Oldham returned several times to D'Oyly Carte, appearing in the 1929–30 season and on tour in his old roles of Ralph, Frederic, Tolloller, Hilarion, Nanki-Poo, Fairfax, and Marco. In the 1934–35 season, he played these roles on the company's first major American tour in the 20th century. In 1936, during the company's season at Sadler's Wells, he played Hilarion, and he was leading tenor in the 1936–37 season, which included another long American tour. Oldham's presence was a condition demanded by the American promoters. During this tour he and Sylvia Cecil were excused by the company for one night to sing a programme of classical and popular favourites, including "Prithee, pretty maiden" from Patience, the evening before President Roosevelt's 2nd inauguration, at a party at the White House.

===Later years===
Oldham later played in many musicals and plays, including The Song of the Drum at Drury Lane, as Captain Anthony Darrell (1931).
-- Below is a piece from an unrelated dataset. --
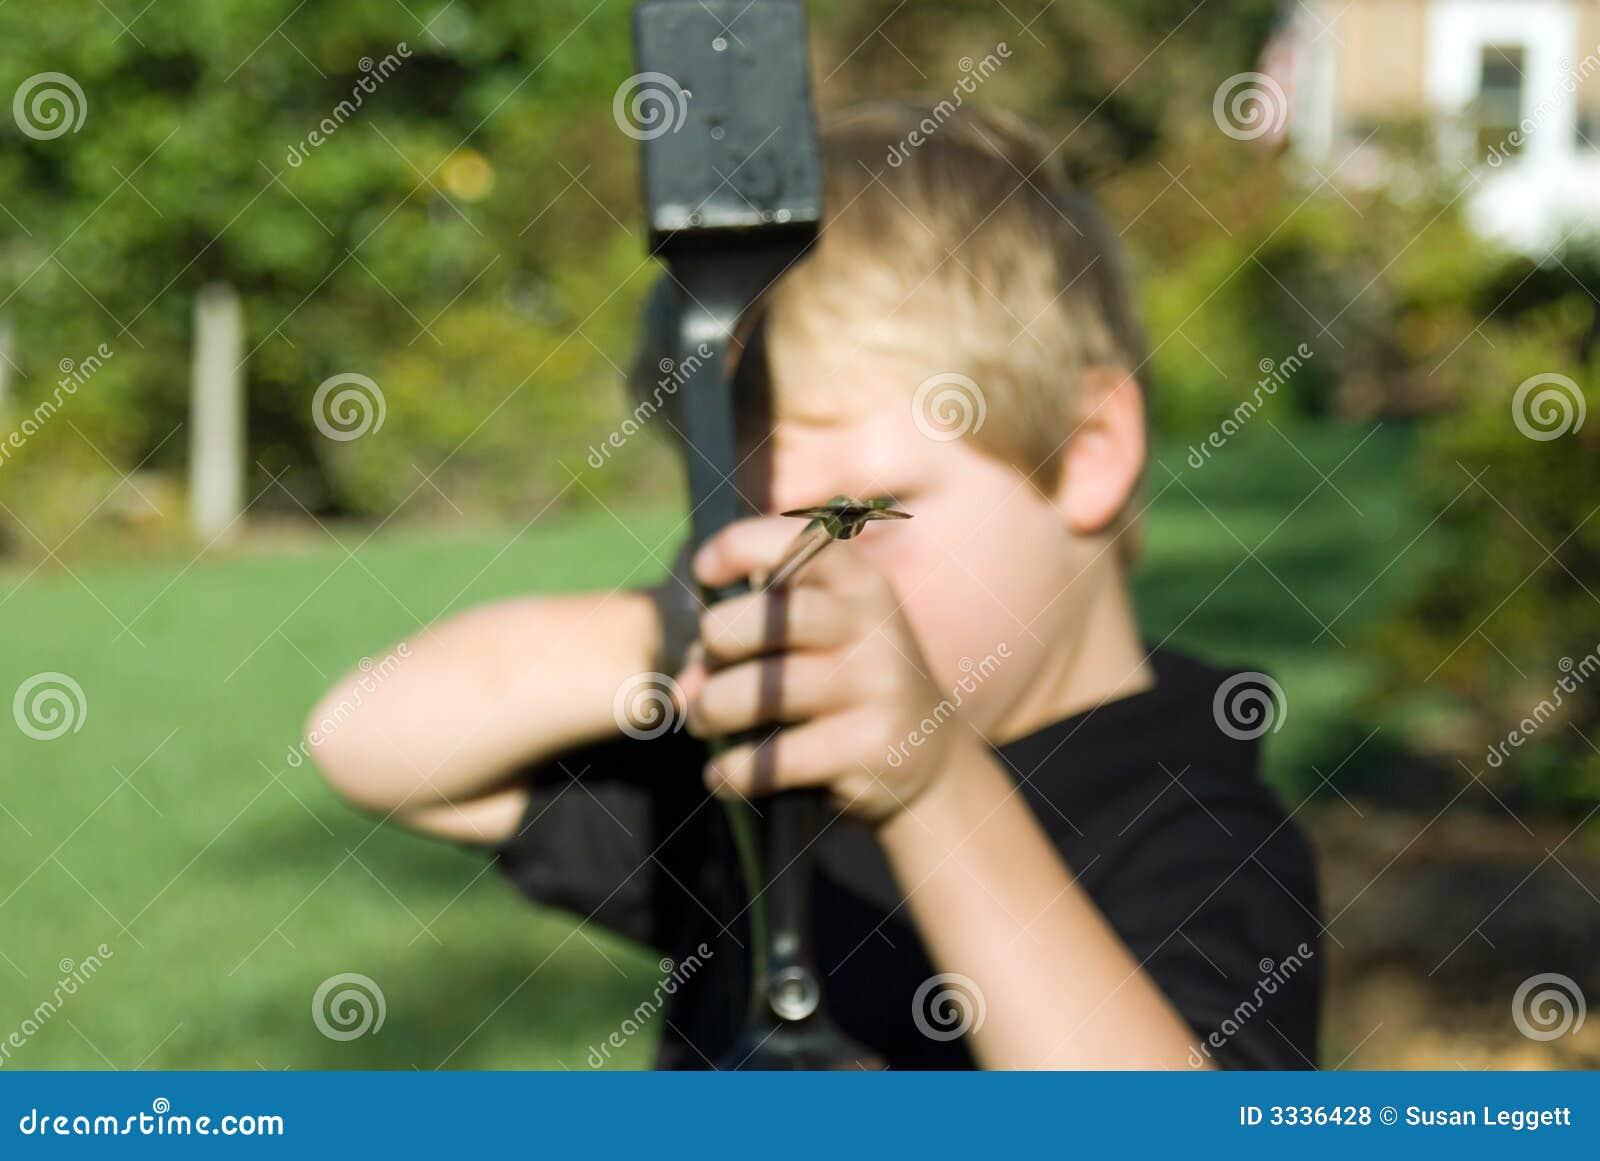 Boy With Bow and Arrow

He appeared at the Royal Albert Hall as Chibiabos in Hiawatha in 1938, conducted by Malcolm Sargent. After 1948 he developed a career as a Lieder singer and lecture-recitalist and later as a character actor in non-musical plays. His last role in London was Dr. Stoner in the Agatha Christie play Verdict (1958). Between 1934 and 1957, he also appeared in several films.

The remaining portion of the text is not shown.